Хелен стало жалко сестру — у нее был очень расстроенный вид. Она мягко произнесла:

— Я не браню тебя, детка.

Милдред молча продолжила завтракать. Она казалась такой покорной, и все члены семьи пожалели о том, что бранили ее, поэтому всячески старались возместить ей моральный ущерб. На все эти попытки Милдред только бросала укоризненные взгляды, которые, казалось, говорили: «Значит, вы раскаиваетесь в том, что обращались со мной, как тираны, да? Ничего, я привыкла к подобному обращению!»

Вдруг Мэрион раскрыла рот от удивления. Все взгляды сосредоточились на ней. Она откинулась на спинку стула, глядя на волосы Мидцред и указывая на них пальцем!

— Ради Бога! — не своим голосом вскричала миссис Аллисон.— Что ты сделала со своими волосами, Милдред?

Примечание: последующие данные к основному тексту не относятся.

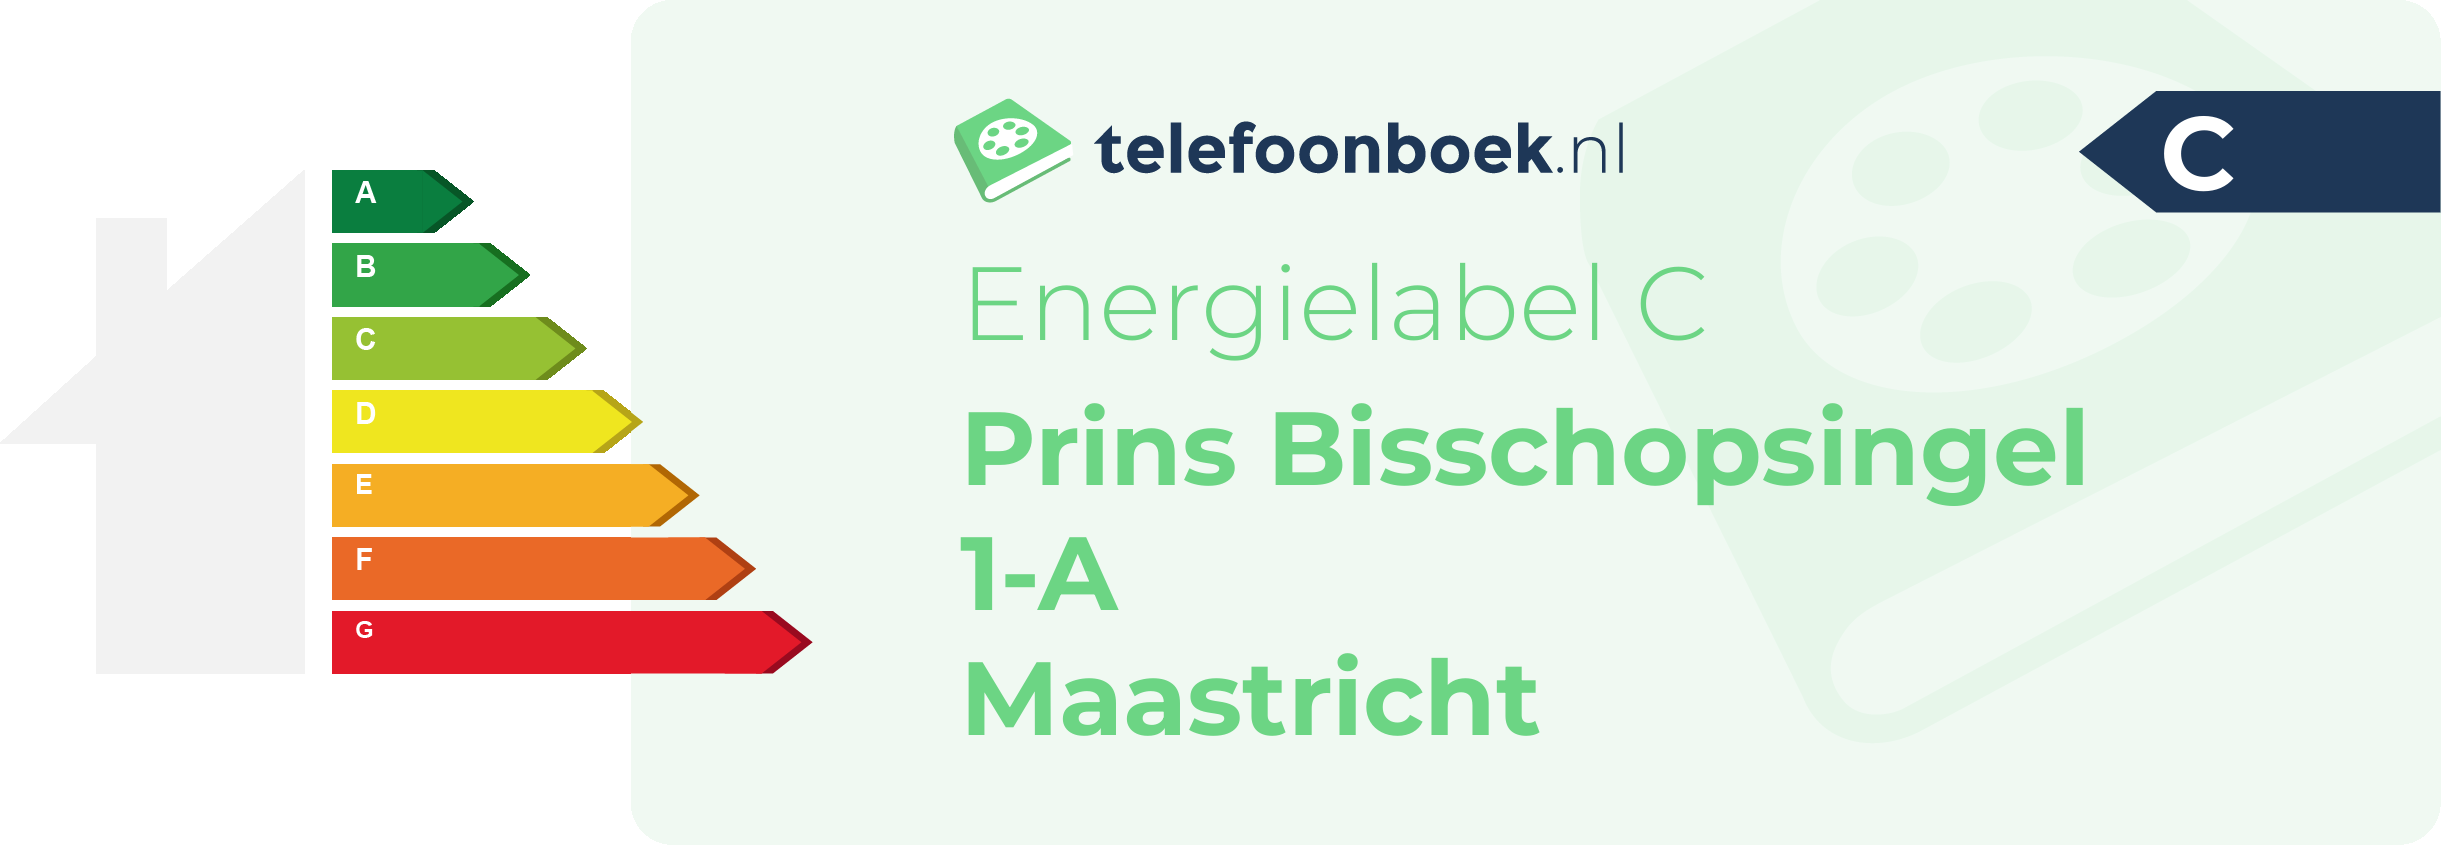 Energielabel Prins Bisschopsingel 1-A Maastricht

Милдред побледнела и поднесла руки к волосам. Стив откинулся назад и истерически захохотал. Волосы Милдред с невероятной быстротой меняли свой цвет! На глазах у изумленных членов семьи из черных они стали рыжеватыми, затем темно-рыжими, но процесс на этом не закончился: волосы приобрели ярко-рыжий, огненно-рыжий цвет!

— Она горит! — истошно заорала миссис Аллисон, неистово вцепившись в волосы дочери. Она чуть не упала в обморок, когда они оказались у нее в руках. Затем на какое-то мгновение воцарилось полнейшее молчание. Все пристально смотрели на дрожавшую девочку, что сидела держась за голову.

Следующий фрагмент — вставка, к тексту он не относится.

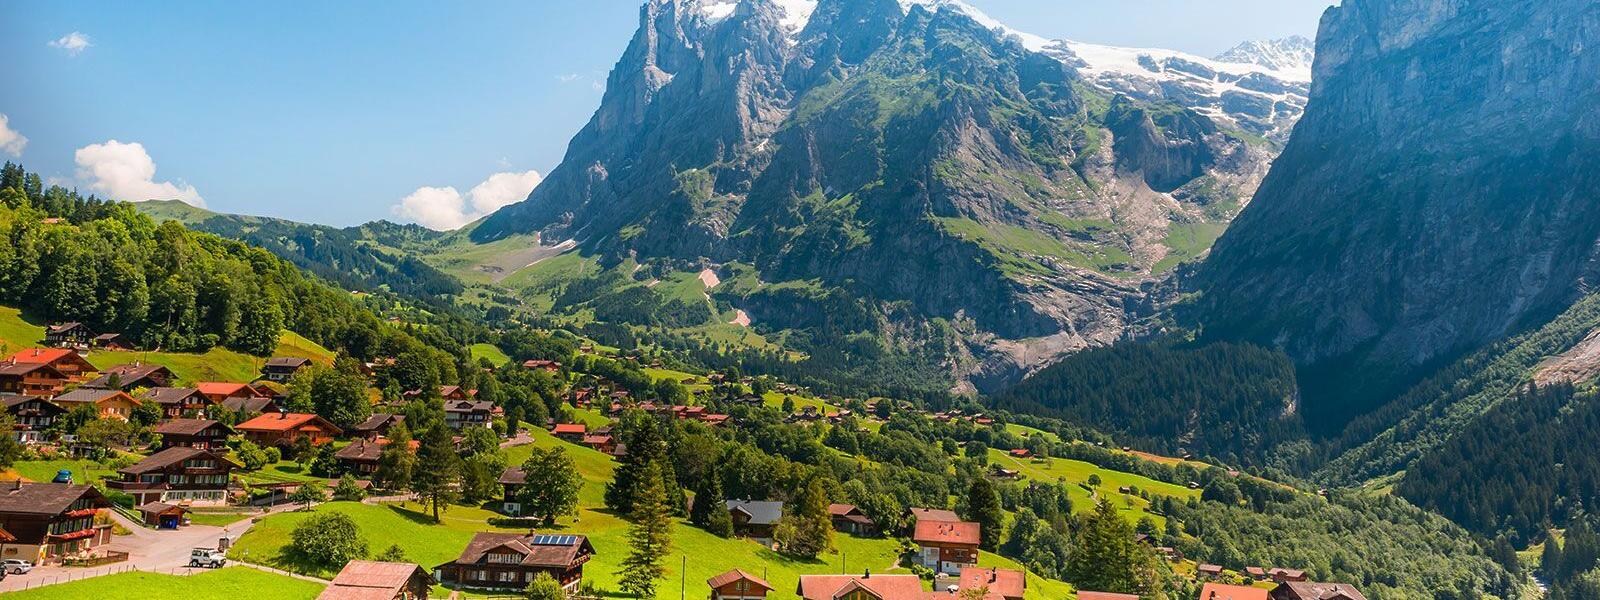 Samnaun – Bergbahnen im Sommer inklusive - e-domizil

— Ну и ну! — медленно произнесла Хелен. На хрупкие плечи маленькой растерянной преступницы обрушился целый шквал обвинений. Милдред отважно сопротивлялась, но безуспешно. Когда речь зашла о физической расправе, она бросилась к Стиву, ища защиты.

— Ты во всем виноват,— шепнула она на ухо брату.— Теперь ты должен за меня заступиться!

Стив засмеялся и прижал к себе сестру. Над ним пронесся целый словесный шторм. Милдред спрятала лицо у него на груди и молчала, веря, что он защитит ее от гнева семьи. Он не обманул ее ожиданий.

— Но Стив,— чуть не плакала миссис Аллисон,— остричь такие прекрасные волосы…

— После того, как мы ей недвусмысленно запретили это делать.— Хелен поигрывала ремешком.— Право, Стив, ты должен позволить нам примерно наказать ее!

Милдред повернулась, чтобы сказать в ответ что-нибудь резкое, но, увидев ремешок, вздрогнула и снова спрятала лицо.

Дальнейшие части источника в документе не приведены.